▸ **Problem requirements**
Starting at the line that holds "Enso Rings Classic", restate every line word for word up to and including the last one in the listing below, and omit all pictures.

*** Opening of Data below ***

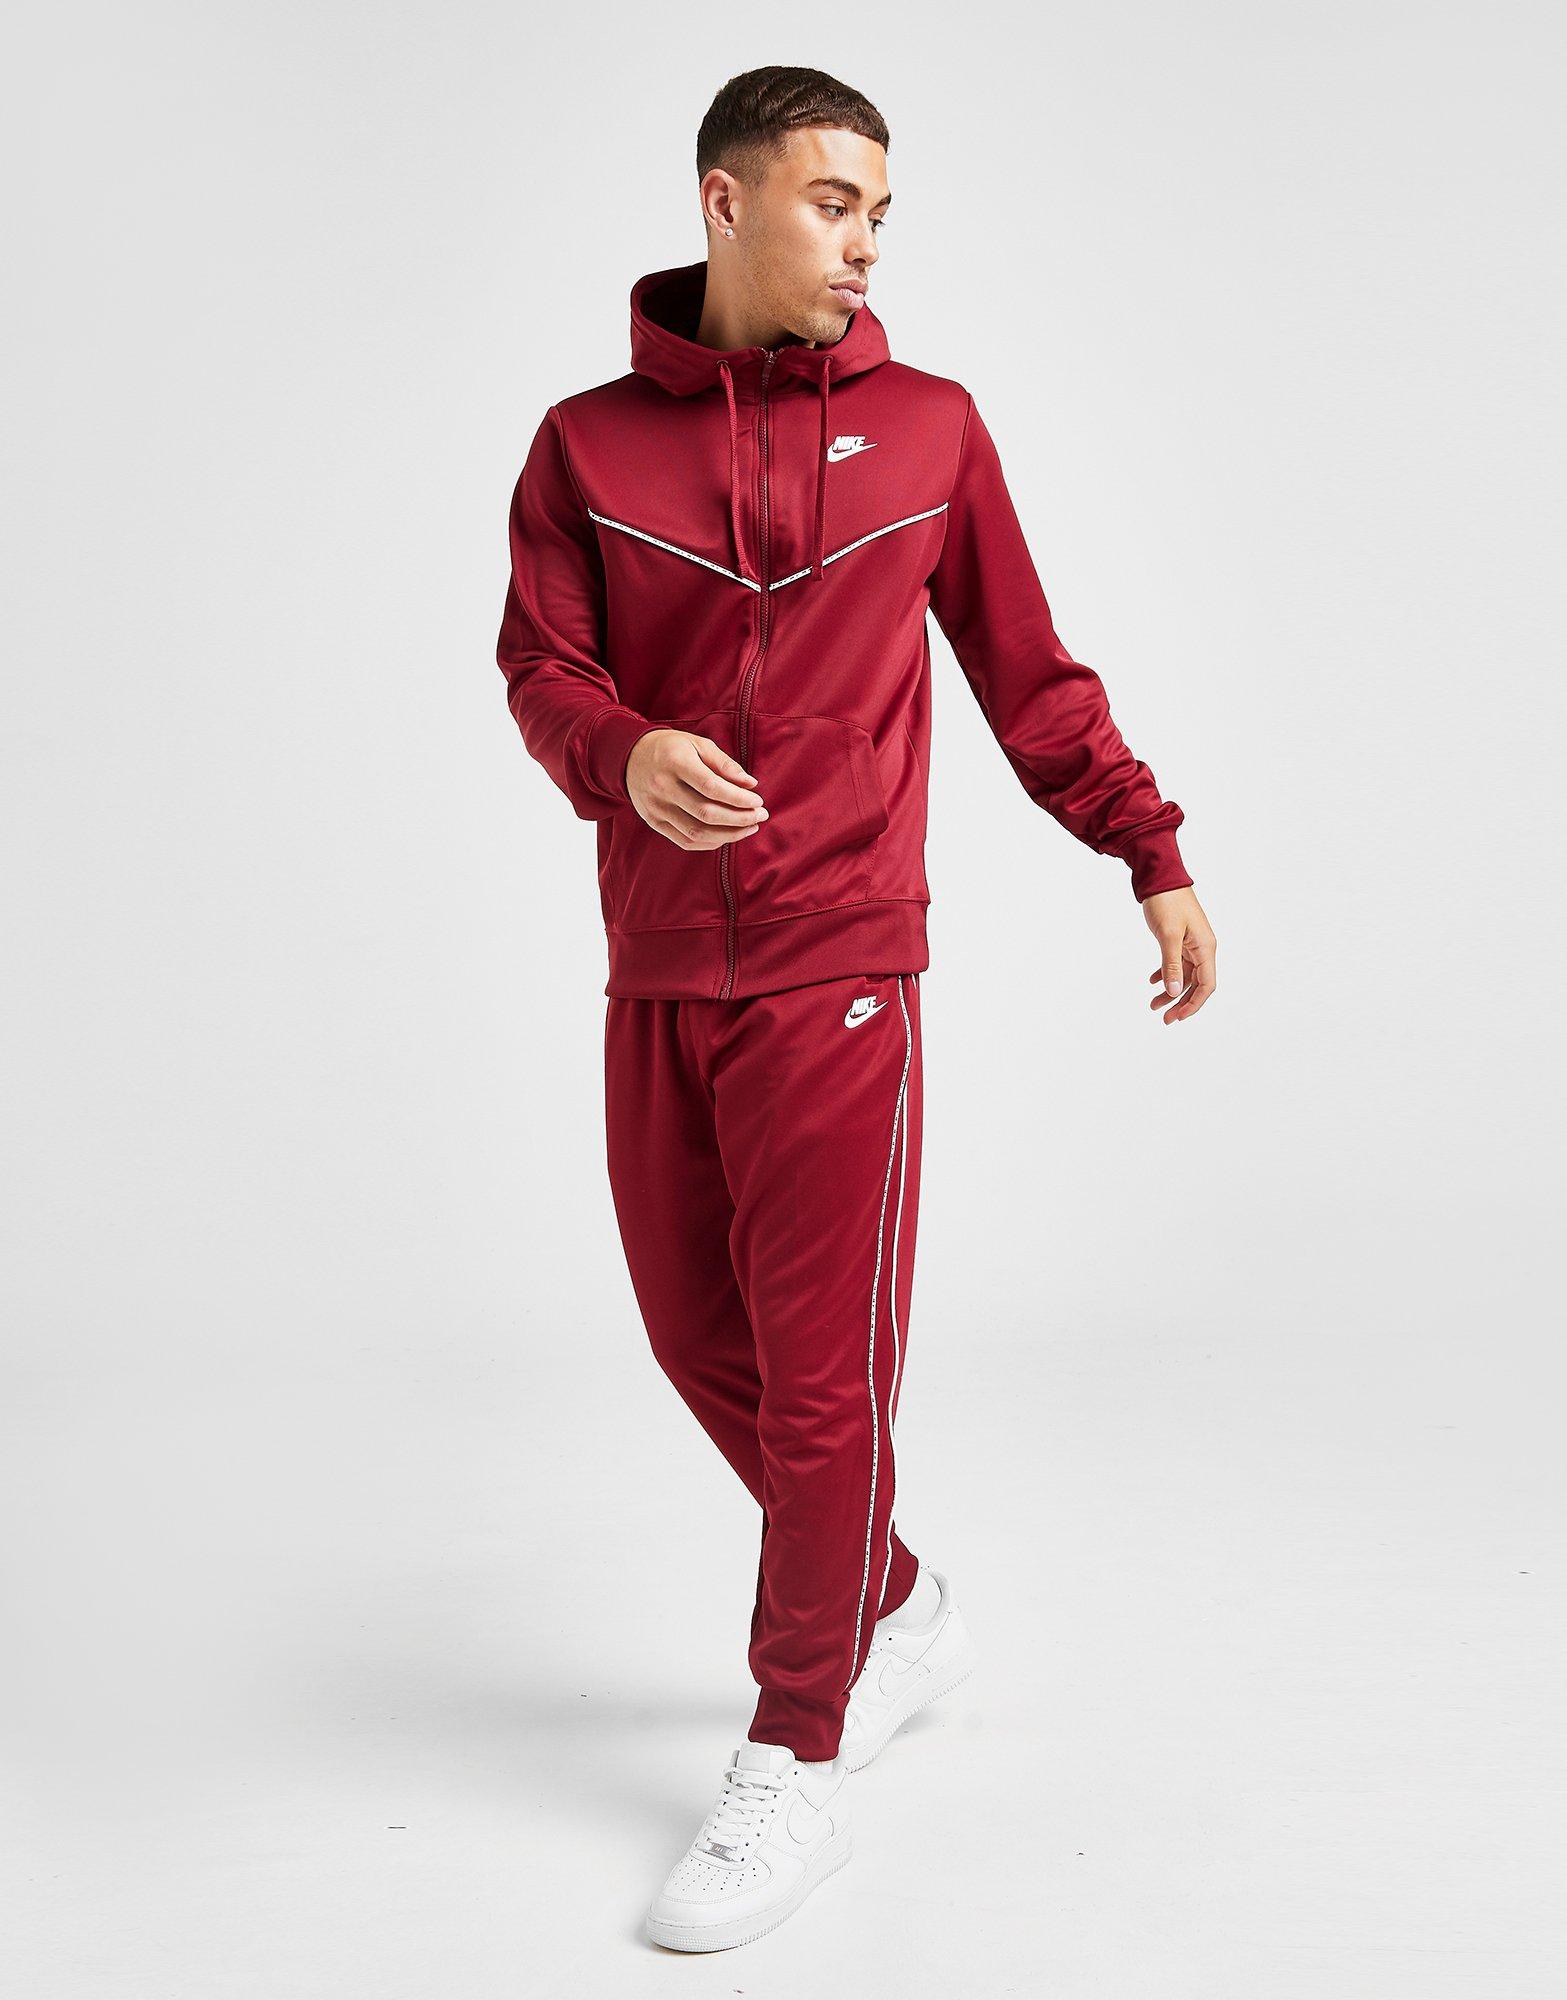 red nike tape tracksuit
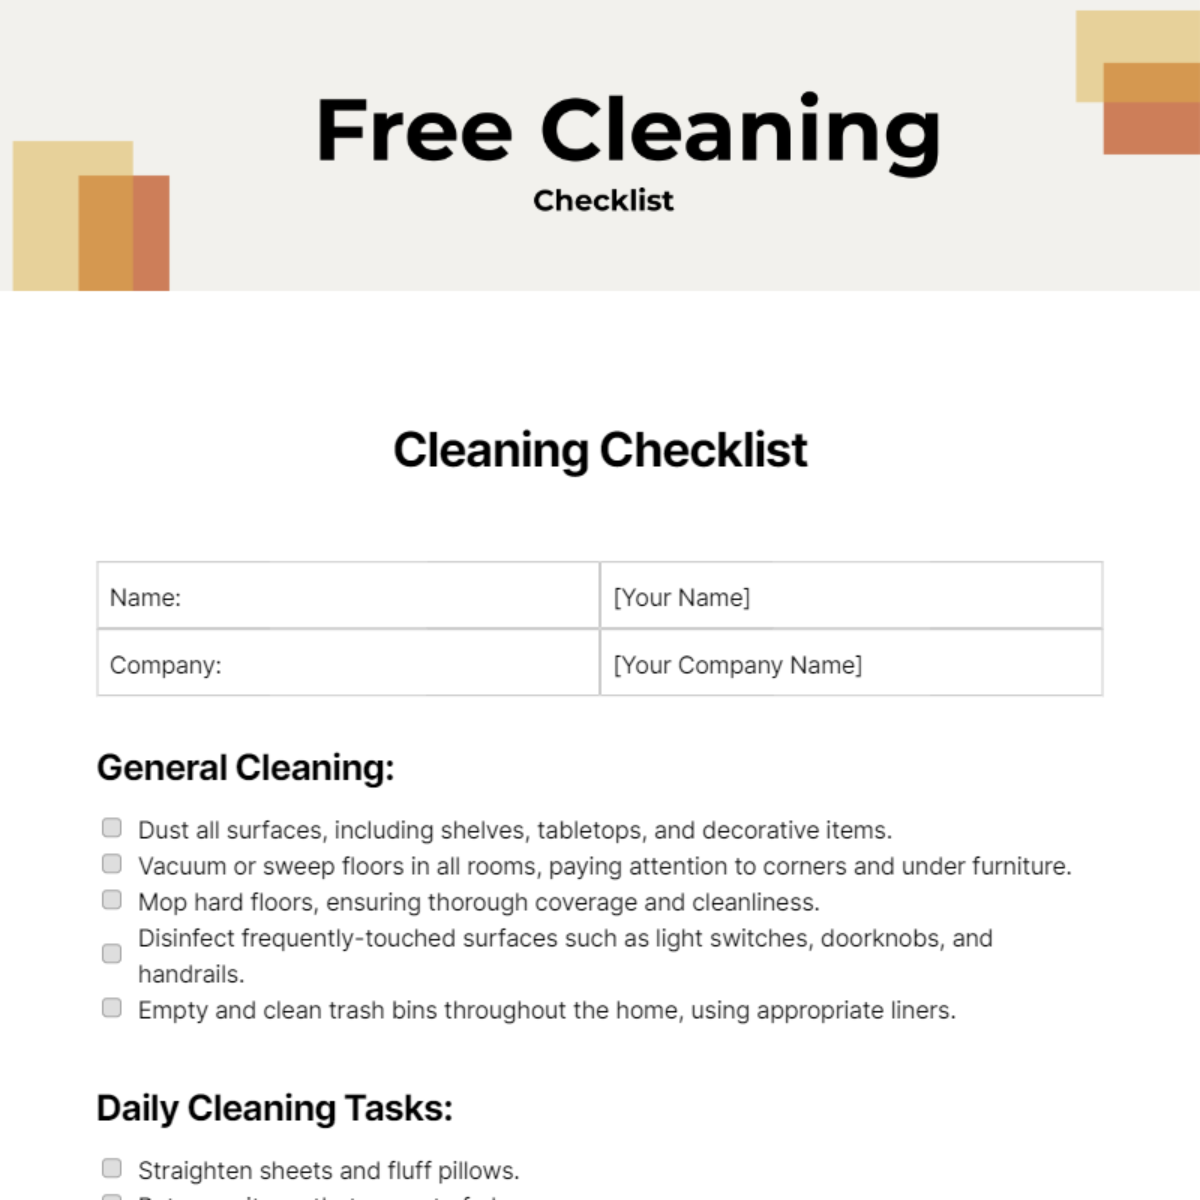 Cleaning Checklist Template
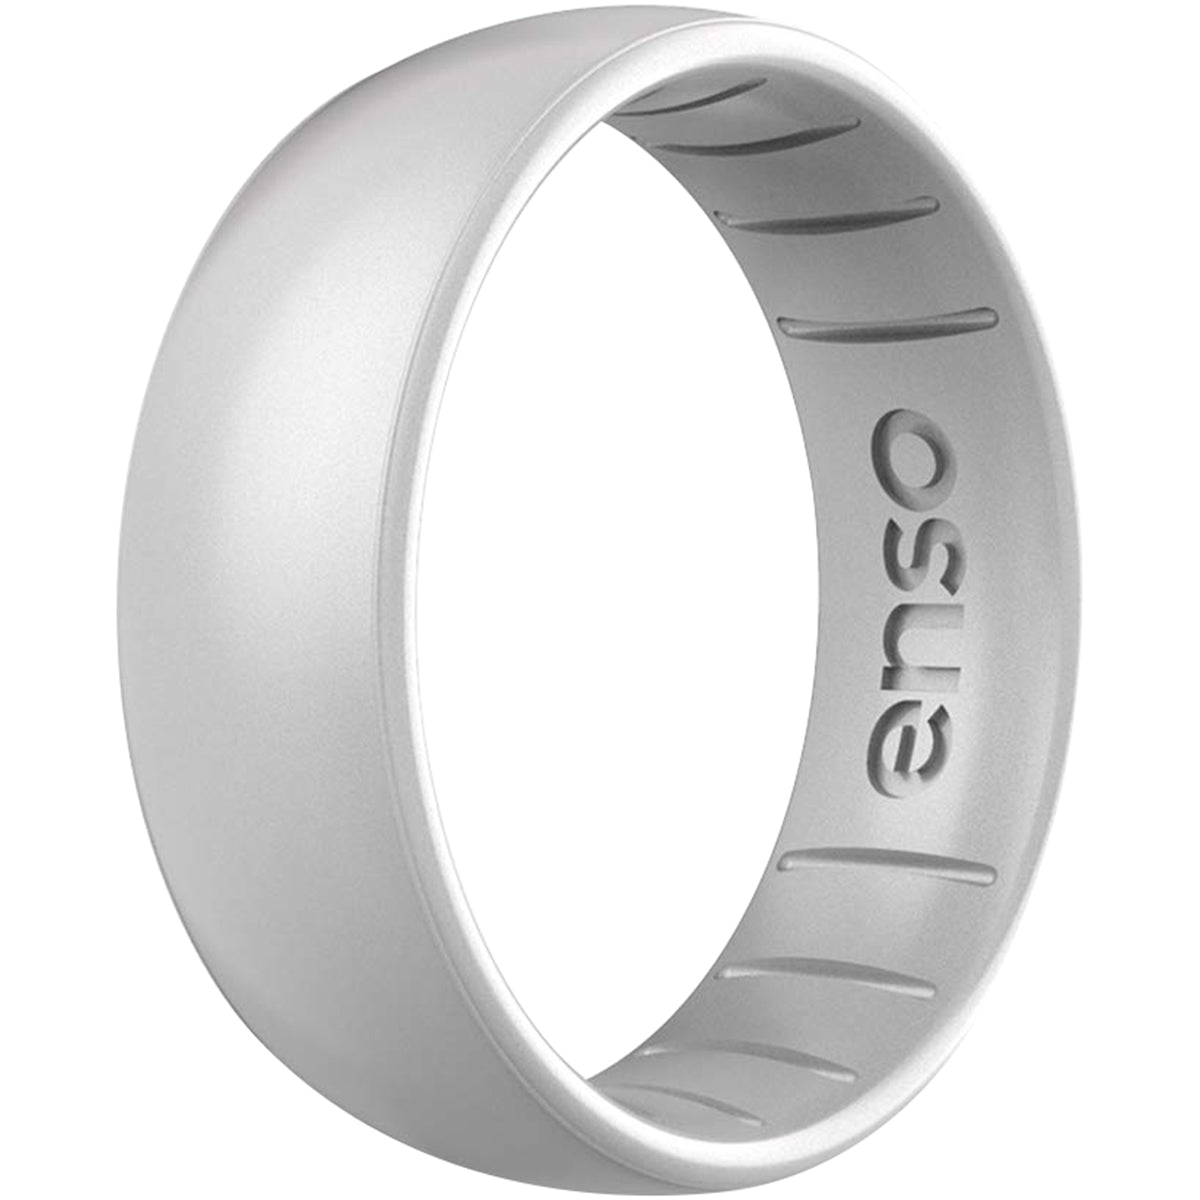 Enso Rings Classic Elements Series Silicone Ring - Silver Enso Rings
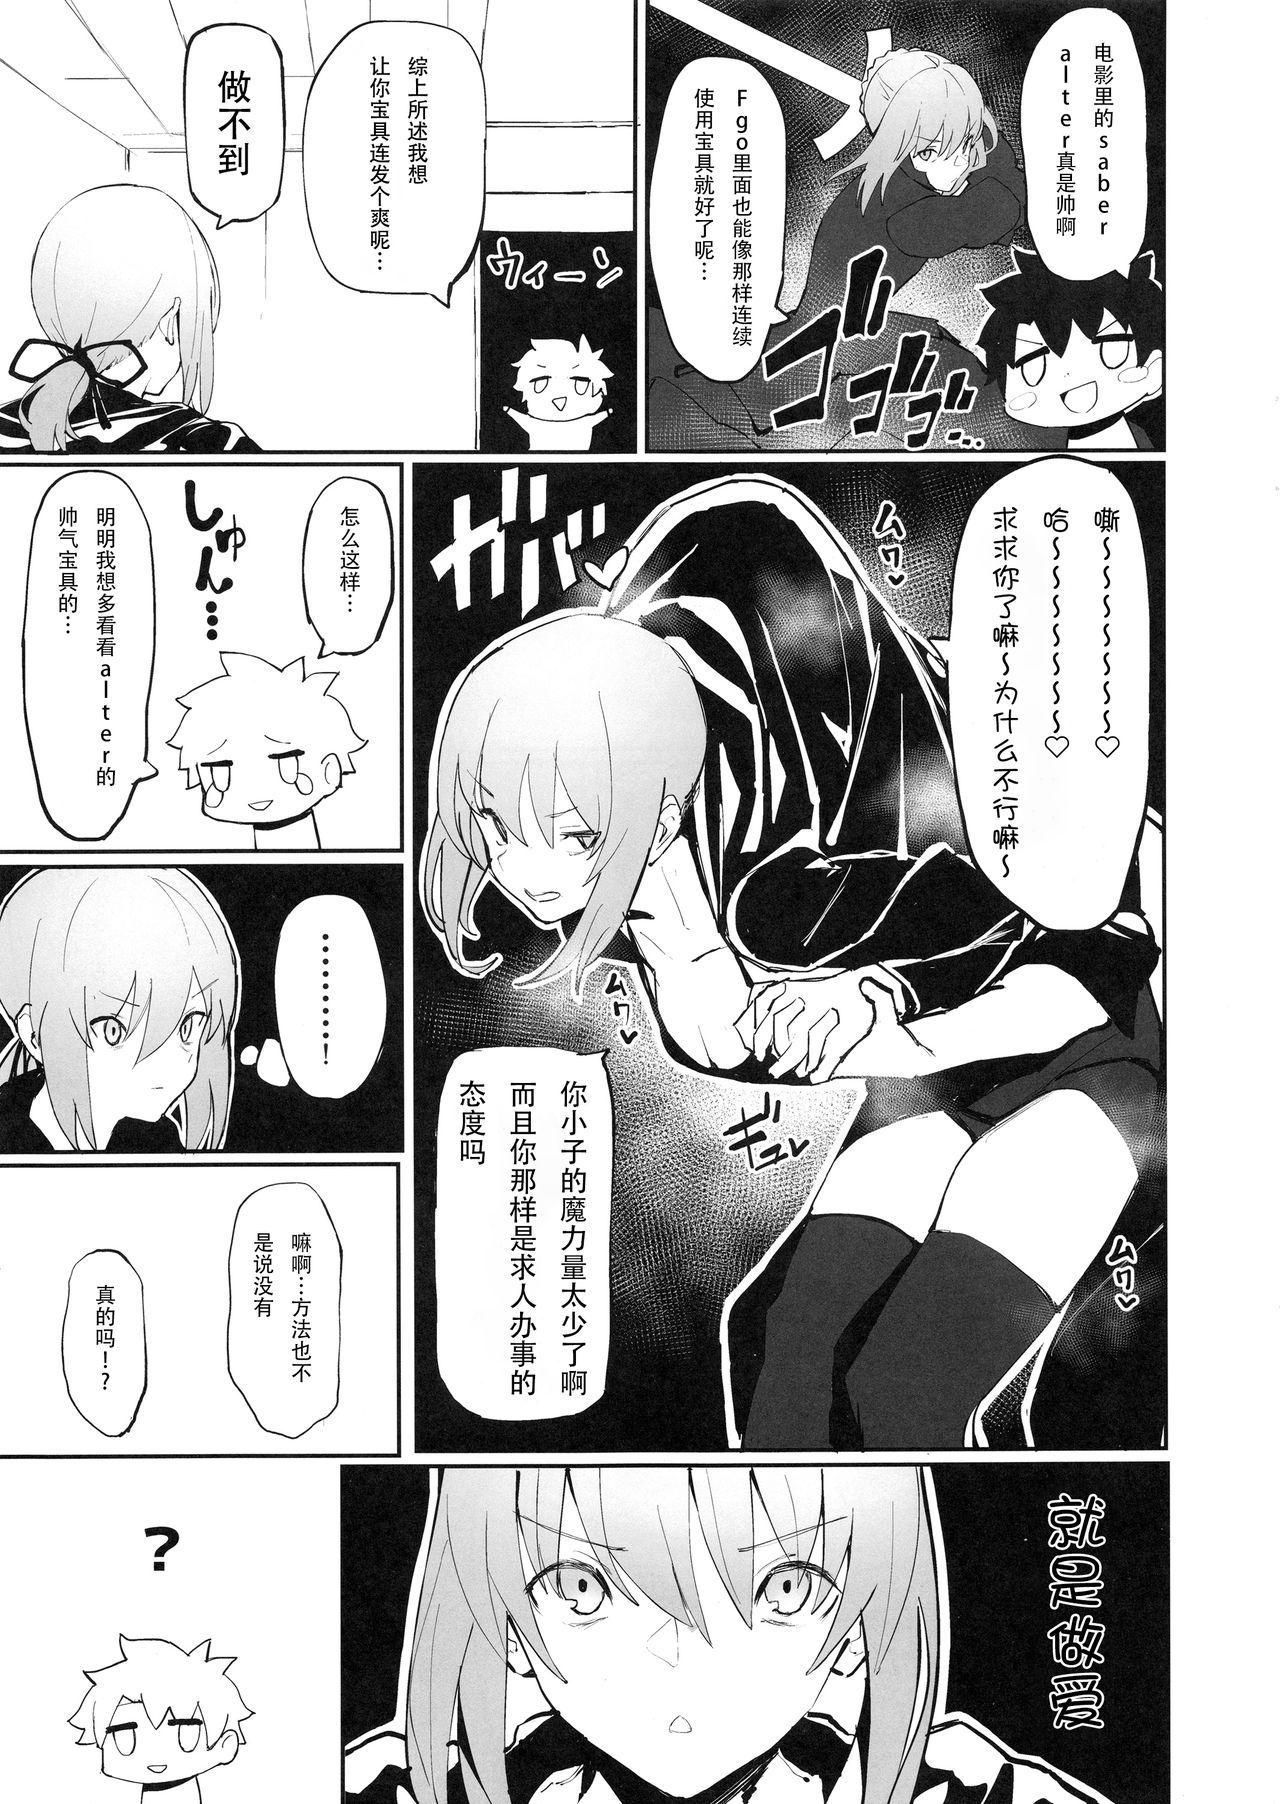 Women Sucking Dick Saber Alter to Maryoku Kyoukyuu | 和saber alter的魔力供给♡ - Fate grand order Making Love Porn - Page 2

*** Close of Data below ***

▸ **Answer**
 Enso Rings Classic Elements Series Silicone Ring - Silver Enso Rings
 Women Sucking Dick Saber Alter to Maryoku Kyoukyuu | 和saber alter的魔力供给♡ - Fate grand order Making Love Porn - Page 2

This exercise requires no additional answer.